What is proposed now?
New Zealand’s Ministry of Justice (MoJ) is now proposing to implement phase two of the Act which will extend it to more businesses and professions. There also appears to be significant time pressure now being exerted to get this in place with a target of legislation in place by mid-2017.
Phase two will mean that many businesses will have to put AML/CFT policies and processes in place. These issues need to be taken seriously and as such there is also likely to be a regulatory oversight and monitoring regime put in place.
The entities covered by phase two widen the impact net considerably as it is proposed to include:
• real estate agents;
• some other parts of the gambling sector; and
• high value goods dealers including auctioneers, bullion dealers, jewellers, motor vehicle and boat dealers, antique and art dealers, pawnbrokers, and any other businesses that accept or provide large amounts of cash.
The Act requires entities covered by it to carry out various measures to deter and detect money laundering and financing of terrorism. These measures are designed to significantly reduce the risk of being unwittingly drawn into criminal activity and, as such, are generally regarded as good business practice. They include:
• developing a risk assessment and compliance programme;
• undertaking customer due diligence (that is, verifying their identification);
• vetting and training staff;
• monitoring accounts;
• monitoring compliance and audit; and
• reporting suspicious transactions of customers to the Police Financial Intelligence Unit.
However, while we concur with this being generally good business practice, the devil is usually in the detail with such requirements. At this stage, the MoJ is still exploring exactly what the detailed requirements should be.
What is the impact likely to be?
Overseas experiences of similar regimes have shown that this can result in a reasonably considerable increase in compliance for some business activities. One of the biggest issues has been the “getting to know your customers” requirement and obtaining proof that they are who they say they are, as well as verifying the source of funds when conducting what are considered higher risk transactions, and needing to retain appropriate evidence.
A practical result can be the request for more information when carrying out business transactions as well as additional time to obtain and process this.
Training and internal monitoring of your AML/CFT systems if these apply to you should also not be underestimated.
Like any new compliance obligations, implementing this is also likely to equate to increased cost to the business. RSM’s initial concern is that this could potentially be quite a large compliance burden and cost. However, until the phase two requirements are better defined and framed by the proposed legislation, it is difficult to be able to estimate this cost impost.

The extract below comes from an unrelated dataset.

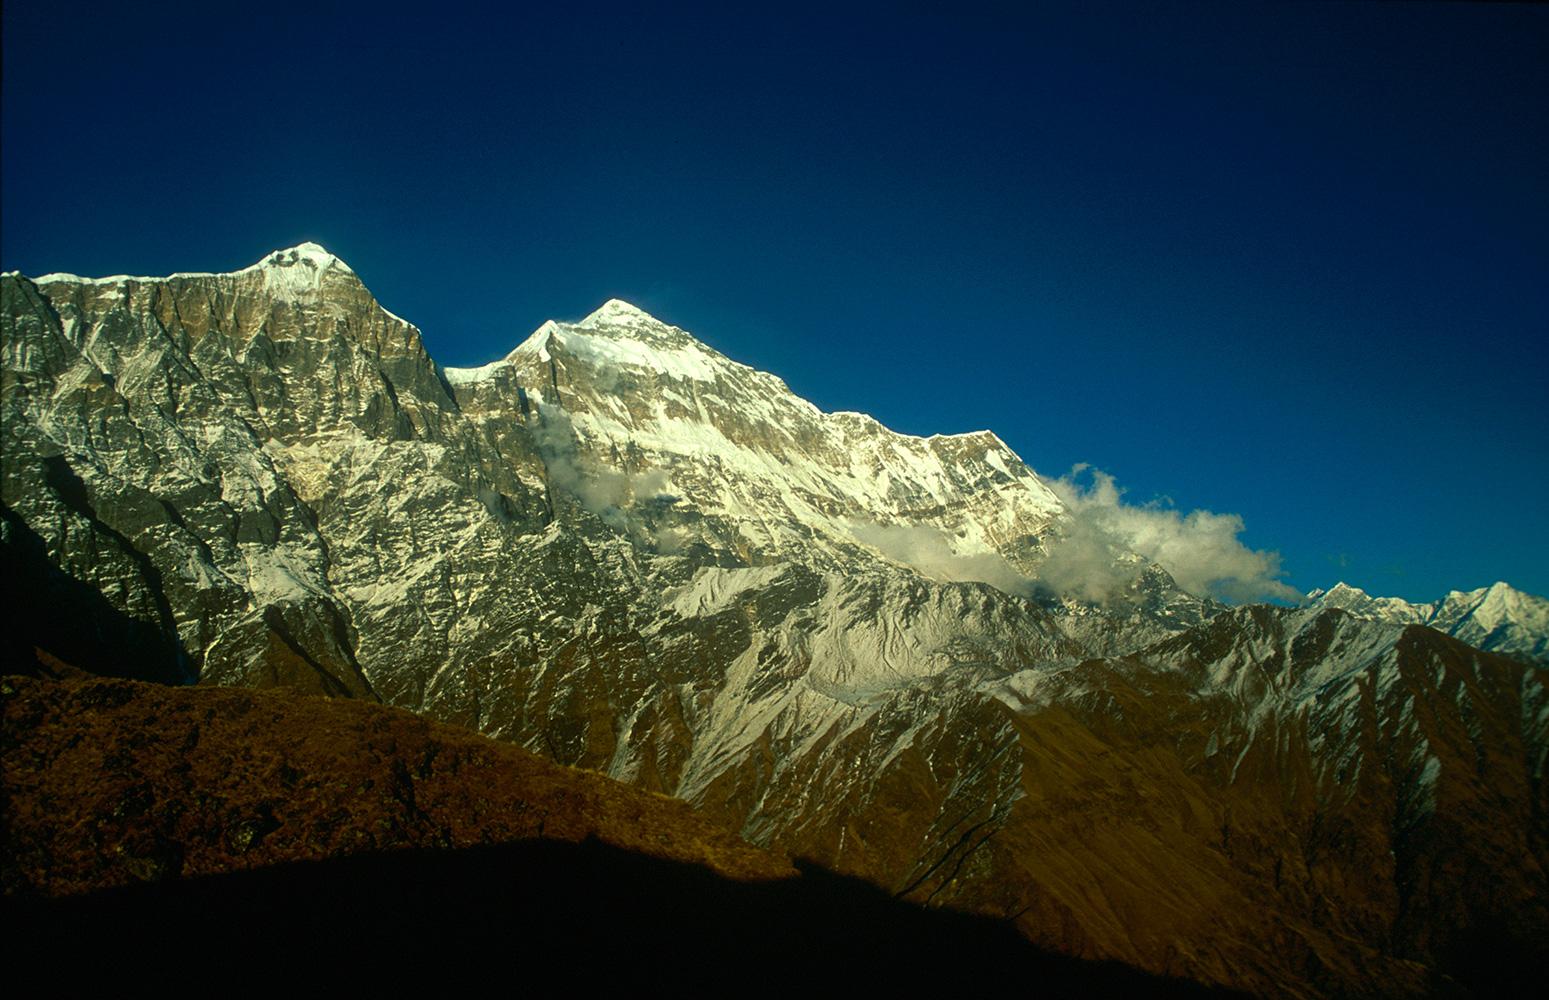 Evening light on Ghustung (6529m) and Gurja from Budzunge Bara (4590m).Nikon FM2, 24mm, Fuji Velvia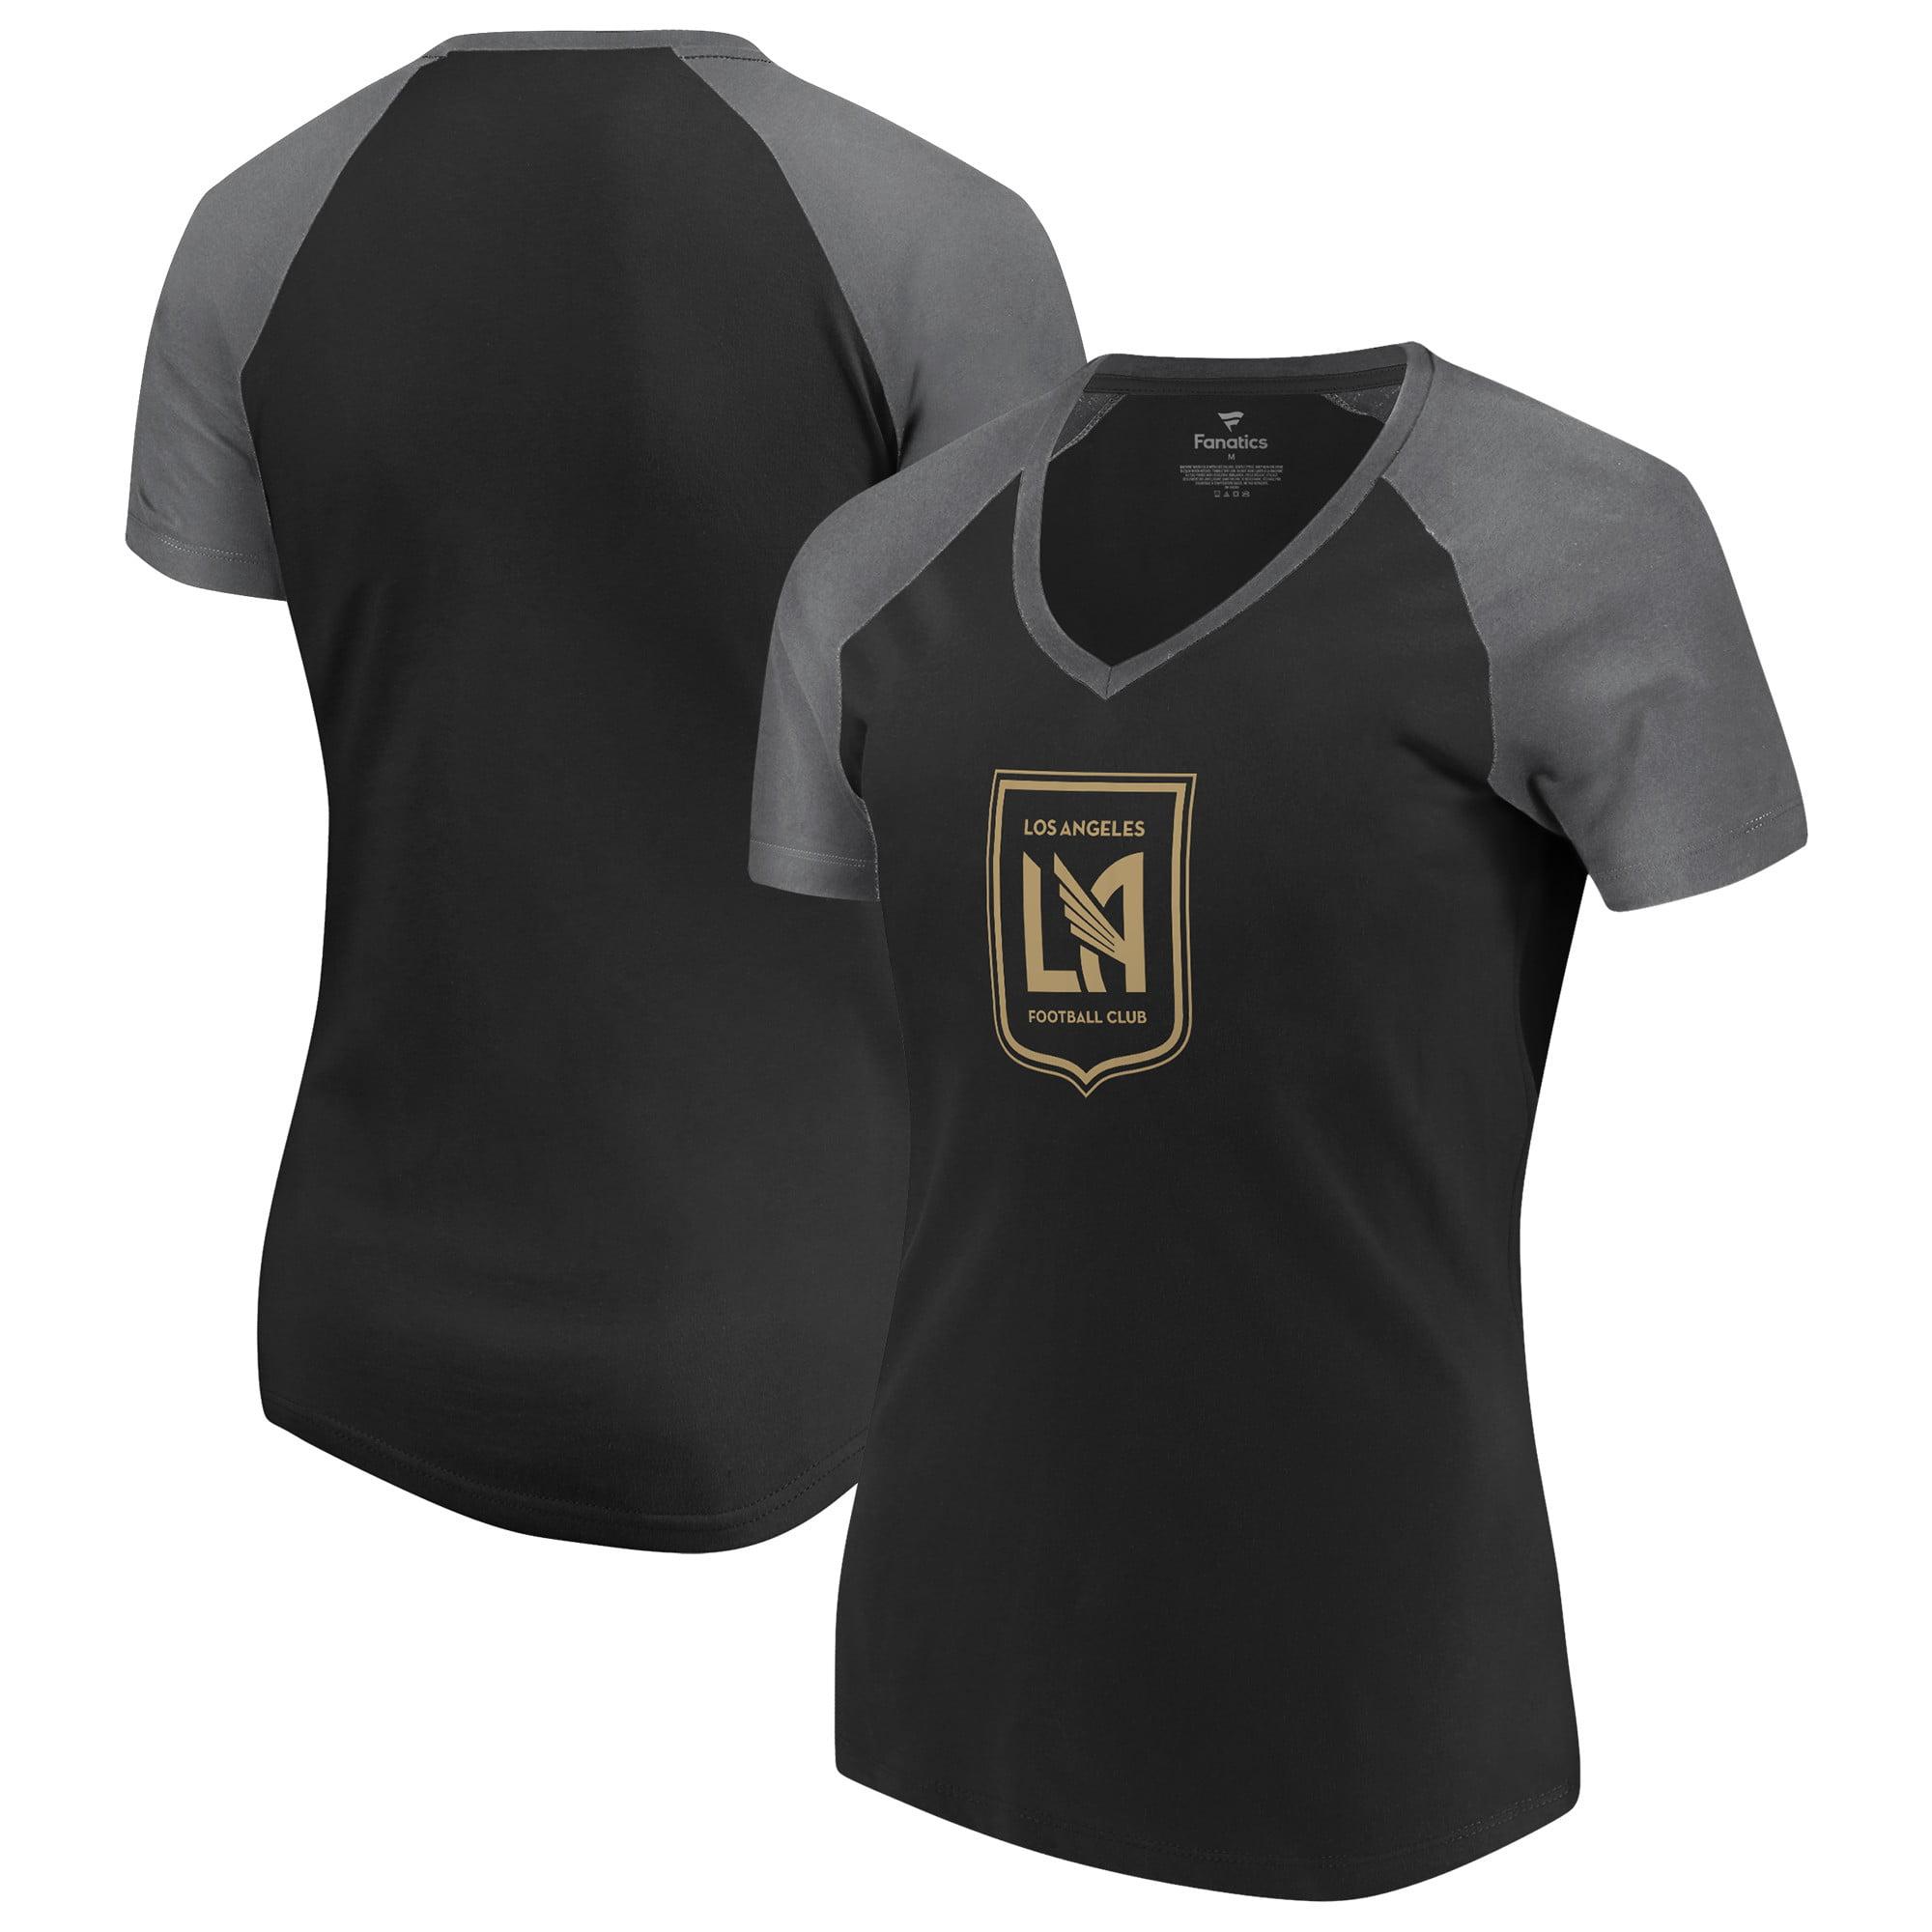 LAFC Fanatics Branded Women's Plus Size Iconic Paid our Dues Raglan V-Neck T-Shirt - Black/Gray

We can all agree with the clear moral and ethical obligation to ensure appropriate measures are in place to deter and detect money laundering and financing of terrorism.
However, as accountants who will have to implement further systems and compliance, as will many of our client businesses and organisations, we also want to ensure that the compliance required is pragmatic, consummate with the risk, and that the costs do not outweigh the benefits.
As such, RSM has been feeding into the consultation process with the MoJ and intends to continue to take an active interest in this area, as well as looking to inform clients and contacts of developments.
Anti-money laundering and countering financing of terrorism is another new compliance hurdle coming for many New Zealand businesses and organisations. Best we ensure we implement a balanced and pragmatic regime.